Wherever the word "King" appears in a line of the data, that line should be copied.

§ **DATA SECTION**:
┌────────
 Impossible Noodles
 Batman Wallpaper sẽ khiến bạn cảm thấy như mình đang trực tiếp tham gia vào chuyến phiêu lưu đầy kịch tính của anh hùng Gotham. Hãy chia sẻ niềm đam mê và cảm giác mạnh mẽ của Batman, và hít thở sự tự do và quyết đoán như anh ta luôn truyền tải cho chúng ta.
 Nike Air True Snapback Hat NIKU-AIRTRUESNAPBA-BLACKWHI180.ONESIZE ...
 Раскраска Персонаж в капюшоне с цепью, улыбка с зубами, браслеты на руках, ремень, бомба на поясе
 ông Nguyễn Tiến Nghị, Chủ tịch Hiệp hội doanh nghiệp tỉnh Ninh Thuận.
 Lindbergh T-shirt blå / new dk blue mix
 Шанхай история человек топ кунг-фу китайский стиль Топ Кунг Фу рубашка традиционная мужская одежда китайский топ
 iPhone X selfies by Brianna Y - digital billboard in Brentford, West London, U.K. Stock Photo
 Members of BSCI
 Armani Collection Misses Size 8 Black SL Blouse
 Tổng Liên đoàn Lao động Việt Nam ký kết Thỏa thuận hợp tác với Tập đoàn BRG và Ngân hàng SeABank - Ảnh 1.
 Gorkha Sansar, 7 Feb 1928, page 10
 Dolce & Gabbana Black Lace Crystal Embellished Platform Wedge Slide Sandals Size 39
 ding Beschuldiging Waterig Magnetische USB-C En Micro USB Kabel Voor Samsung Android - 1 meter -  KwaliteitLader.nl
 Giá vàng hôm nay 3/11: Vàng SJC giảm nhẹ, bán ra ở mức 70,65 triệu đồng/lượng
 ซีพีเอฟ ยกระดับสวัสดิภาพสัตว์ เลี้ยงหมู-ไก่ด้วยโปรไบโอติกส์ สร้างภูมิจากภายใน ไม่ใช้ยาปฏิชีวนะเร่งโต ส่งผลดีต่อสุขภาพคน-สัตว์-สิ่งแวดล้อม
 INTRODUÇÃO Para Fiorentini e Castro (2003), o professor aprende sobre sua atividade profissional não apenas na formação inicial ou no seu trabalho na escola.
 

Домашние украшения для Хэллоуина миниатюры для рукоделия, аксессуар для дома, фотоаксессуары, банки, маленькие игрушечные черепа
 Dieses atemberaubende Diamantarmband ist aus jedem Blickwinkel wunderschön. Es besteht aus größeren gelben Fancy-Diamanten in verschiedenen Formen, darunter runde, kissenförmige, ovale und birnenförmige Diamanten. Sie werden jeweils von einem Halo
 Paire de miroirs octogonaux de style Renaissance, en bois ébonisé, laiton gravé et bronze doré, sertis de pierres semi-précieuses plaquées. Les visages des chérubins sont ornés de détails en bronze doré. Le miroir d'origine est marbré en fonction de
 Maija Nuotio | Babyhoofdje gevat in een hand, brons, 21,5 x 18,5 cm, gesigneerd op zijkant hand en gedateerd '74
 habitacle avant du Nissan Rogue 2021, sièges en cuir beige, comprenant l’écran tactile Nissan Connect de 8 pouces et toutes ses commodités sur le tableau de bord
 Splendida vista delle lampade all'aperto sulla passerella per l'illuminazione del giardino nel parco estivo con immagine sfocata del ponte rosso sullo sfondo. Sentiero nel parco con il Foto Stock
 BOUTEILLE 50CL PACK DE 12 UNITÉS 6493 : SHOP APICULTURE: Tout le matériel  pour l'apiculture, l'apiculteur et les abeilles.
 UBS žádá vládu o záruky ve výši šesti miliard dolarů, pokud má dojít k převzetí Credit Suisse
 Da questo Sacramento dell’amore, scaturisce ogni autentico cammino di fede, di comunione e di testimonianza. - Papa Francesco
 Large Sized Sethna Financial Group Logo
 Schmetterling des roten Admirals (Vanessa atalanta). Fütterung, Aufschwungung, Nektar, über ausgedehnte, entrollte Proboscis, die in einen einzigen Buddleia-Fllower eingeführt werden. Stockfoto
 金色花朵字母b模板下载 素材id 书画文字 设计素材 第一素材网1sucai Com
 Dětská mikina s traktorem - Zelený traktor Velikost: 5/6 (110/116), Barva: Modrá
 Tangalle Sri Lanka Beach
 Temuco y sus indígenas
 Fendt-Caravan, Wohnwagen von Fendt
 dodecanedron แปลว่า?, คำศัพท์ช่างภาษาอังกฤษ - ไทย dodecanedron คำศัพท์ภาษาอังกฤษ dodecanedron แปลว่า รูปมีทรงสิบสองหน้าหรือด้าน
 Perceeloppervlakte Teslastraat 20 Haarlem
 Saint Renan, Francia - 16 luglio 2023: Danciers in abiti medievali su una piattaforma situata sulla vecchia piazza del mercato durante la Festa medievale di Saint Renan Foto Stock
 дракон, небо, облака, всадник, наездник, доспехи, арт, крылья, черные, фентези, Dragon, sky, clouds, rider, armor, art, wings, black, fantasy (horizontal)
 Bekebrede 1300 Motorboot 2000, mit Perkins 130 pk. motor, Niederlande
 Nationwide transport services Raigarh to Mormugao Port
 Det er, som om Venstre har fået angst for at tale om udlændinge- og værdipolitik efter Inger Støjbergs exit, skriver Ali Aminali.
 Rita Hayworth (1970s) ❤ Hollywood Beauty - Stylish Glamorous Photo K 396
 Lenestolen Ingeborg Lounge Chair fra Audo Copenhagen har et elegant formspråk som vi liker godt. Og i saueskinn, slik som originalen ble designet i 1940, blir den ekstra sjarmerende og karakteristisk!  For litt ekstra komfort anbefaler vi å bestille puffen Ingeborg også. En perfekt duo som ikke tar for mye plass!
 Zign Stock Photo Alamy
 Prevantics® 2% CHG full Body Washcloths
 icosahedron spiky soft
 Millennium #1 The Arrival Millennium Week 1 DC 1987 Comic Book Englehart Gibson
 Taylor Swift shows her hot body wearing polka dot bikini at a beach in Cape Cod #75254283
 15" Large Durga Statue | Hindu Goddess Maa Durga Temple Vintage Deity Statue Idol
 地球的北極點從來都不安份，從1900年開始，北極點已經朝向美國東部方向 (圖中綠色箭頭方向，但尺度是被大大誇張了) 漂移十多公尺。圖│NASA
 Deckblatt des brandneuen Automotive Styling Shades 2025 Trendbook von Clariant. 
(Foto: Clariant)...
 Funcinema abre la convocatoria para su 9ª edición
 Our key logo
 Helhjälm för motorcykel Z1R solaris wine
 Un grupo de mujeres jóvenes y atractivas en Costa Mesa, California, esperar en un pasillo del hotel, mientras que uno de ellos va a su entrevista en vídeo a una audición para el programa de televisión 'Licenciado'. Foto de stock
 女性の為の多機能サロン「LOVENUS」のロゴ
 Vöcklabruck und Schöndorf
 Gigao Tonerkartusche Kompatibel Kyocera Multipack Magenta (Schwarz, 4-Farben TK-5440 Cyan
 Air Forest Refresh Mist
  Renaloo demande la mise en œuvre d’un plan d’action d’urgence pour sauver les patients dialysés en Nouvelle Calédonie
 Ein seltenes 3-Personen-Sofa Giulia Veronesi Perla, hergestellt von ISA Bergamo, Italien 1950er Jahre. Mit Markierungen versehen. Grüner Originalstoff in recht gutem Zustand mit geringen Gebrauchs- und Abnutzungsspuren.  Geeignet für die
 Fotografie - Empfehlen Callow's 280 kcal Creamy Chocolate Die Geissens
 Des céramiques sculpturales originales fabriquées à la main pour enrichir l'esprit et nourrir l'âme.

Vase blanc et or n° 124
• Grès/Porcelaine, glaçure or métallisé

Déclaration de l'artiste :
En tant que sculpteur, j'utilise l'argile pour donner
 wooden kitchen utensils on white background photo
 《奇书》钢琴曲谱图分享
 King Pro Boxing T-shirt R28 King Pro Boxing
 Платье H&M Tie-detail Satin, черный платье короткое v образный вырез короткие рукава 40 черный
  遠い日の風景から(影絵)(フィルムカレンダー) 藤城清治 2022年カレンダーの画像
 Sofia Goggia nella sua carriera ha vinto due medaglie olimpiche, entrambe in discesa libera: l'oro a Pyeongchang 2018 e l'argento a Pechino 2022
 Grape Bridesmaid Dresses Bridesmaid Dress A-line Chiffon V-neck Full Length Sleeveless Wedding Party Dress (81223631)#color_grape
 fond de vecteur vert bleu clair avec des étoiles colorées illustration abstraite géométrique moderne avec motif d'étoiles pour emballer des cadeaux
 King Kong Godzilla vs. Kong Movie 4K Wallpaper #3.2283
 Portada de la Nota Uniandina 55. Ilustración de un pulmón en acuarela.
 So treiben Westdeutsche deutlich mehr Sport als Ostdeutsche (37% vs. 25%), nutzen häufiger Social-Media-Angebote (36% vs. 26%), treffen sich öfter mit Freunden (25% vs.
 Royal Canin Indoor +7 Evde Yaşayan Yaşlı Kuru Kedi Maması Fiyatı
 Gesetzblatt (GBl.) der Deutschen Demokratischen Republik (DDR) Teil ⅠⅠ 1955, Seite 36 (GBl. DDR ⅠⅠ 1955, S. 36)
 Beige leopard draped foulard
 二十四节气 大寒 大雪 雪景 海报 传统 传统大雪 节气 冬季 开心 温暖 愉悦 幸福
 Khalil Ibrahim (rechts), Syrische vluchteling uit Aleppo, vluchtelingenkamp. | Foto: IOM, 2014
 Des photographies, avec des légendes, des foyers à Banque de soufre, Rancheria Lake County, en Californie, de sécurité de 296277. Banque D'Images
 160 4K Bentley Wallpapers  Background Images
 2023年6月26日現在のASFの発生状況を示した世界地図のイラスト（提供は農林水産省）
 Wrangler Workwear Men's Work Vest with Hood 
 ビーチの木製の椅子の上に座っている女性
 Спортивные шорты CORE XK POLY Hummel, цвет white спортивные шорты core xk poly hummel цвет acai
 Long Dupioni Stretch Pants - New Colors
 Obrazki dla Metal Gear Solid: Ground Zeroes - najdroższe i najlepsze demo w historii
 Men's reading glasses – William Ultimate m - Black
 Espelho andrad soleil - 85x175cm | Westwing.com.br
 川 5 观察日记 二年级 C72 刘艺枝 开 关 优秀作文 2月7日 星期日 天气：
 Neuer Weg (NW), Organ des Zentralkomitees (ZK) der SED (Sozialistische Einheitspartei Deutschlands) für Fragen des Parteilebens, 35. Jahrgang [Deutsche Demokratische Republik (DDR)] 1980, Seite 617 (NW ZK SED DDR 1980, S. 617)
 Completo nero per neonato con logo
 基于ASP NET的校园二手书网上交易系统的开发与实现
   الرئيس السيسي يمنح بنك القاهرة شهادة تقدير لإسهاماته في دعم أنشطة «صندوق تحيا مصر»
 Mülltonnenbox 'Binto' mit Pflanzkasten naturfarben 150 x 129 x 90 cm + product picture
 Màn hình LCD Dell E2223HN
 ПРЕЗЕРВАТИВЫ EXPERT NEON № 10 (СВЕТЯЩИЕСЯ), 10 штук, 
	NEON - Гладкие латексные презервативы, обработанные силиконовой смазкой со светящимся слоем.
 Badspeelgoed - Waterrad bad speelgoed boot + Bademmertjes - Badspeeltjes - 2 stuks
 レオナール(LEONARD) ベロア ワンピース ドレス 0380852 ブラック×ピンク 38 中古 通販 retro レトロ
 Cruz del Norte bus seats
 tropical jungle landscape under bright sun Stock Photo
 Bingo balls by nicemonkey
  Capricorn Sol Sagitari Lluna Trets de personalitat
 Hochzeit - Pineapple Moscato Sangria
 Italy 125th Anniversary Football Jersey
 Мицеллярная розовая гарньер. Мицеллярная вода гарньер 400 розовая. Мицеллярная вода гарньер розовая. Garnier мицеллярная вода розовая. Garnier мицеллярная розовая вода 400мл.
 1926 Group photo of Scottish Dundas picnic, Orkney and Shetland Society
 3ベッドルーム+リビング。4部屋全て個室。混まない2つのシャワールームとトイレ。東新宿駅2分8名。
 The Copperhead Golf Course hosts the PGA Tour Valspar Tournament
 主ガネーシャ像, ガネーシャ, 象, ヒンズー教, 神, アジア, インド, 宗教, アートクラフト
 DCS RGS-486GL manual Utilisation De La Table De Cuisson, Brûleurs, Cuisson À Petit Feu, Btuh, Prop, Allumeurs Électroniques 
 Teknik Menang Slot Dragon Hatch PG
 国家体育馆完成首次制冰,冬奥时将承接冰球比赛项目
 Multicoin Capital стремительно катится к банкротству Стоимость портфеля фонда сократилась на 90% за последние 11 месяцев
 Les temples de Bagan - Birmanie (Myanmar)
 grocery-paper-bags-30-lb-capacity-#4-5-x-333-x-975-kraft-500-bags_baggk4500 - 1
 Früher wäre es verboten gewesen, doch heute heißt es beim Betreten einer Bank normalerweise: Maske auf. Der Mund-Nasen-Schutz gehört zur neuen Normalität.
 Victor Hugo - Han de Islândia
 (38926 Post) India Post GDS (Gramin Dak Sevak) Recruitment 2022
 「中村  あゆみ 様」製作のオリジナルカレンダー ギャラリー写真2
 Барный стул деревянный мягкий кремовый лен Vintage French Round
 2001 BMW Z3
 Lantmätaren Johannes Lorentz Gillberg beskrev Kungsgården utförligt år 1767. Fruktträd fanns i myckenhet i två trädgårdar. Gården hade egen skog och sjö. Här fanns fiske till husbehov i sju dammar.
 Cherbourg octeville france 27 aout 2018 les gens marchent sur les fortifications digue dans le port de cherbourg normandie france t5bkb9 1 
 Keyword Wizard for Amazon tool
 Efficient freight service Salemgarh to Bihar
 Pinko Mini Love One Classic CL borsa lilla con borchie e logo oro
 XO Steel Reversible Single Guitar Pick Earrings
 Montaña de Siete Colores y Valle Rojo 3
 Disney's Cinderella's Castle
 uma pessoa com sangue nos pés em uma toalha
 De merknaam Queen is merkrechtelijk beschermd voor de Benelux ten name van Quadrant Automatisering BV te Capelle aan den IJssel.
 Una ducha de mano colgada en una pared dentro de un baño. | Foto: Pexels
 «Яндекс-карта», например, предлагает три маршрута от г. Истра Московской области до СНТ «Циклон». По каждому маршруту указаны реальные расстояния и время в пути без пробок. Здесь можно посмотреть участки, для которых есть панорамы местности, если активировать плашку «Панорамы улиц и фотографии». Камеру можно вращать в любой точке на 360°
└────────
§ **YOUR SOLUTION**:
 King Pro Boxing T-shirt R28 King Pro Boxing
 King Kong Godzilla vs. Kong Movie 4K Wallpaper #3.2283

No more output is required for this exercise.